Records for the exercise:
-- -- --

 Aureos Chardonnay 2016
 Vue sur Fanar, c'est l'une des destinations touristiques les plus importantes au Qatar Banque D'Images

-- -- --

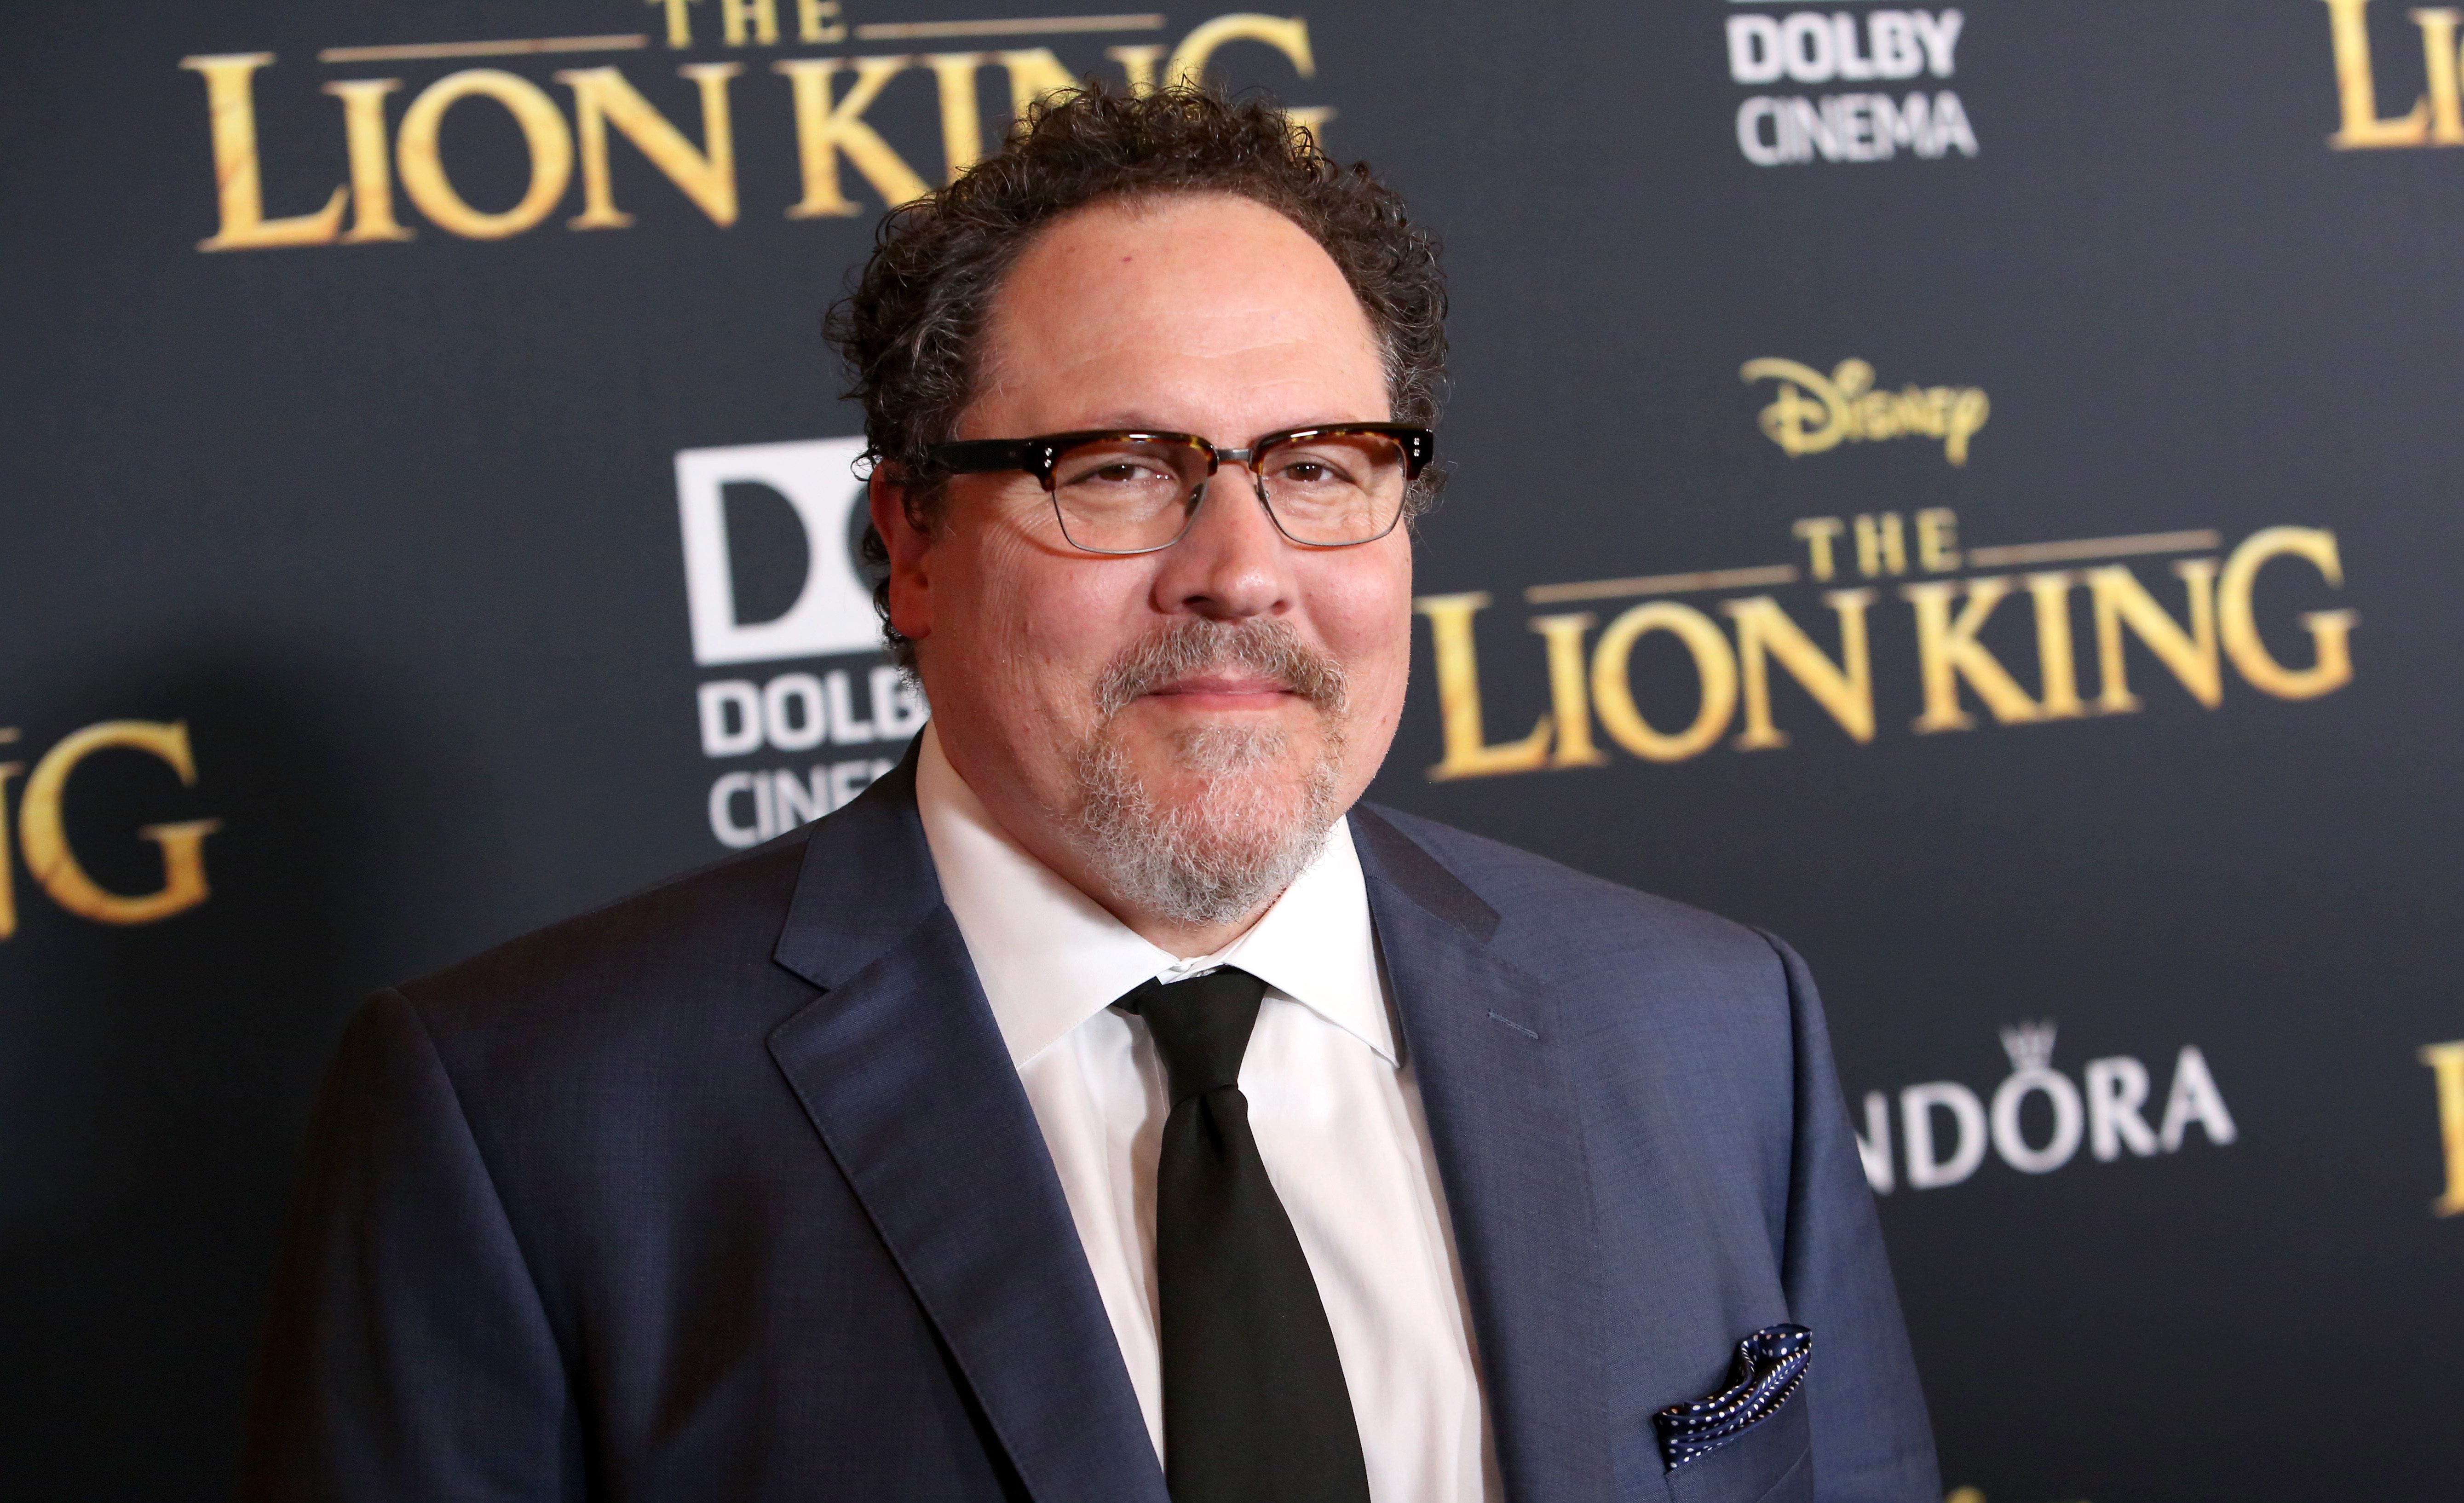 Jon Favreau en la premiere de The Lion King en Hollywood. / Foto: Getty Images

-- -- --

Assignment:
Given the data above, transcribe exactly the lines from the one containing "Aureos Chardonnay 2016" down to the one containing "Vue sur Fanar, c'est", and no others.

Problem solution:
 Aureos Chardonnay 2016
 Vue sur Fanar, c'est l'une des destinations touristiques les plus importantes au Qatar Banque D'Images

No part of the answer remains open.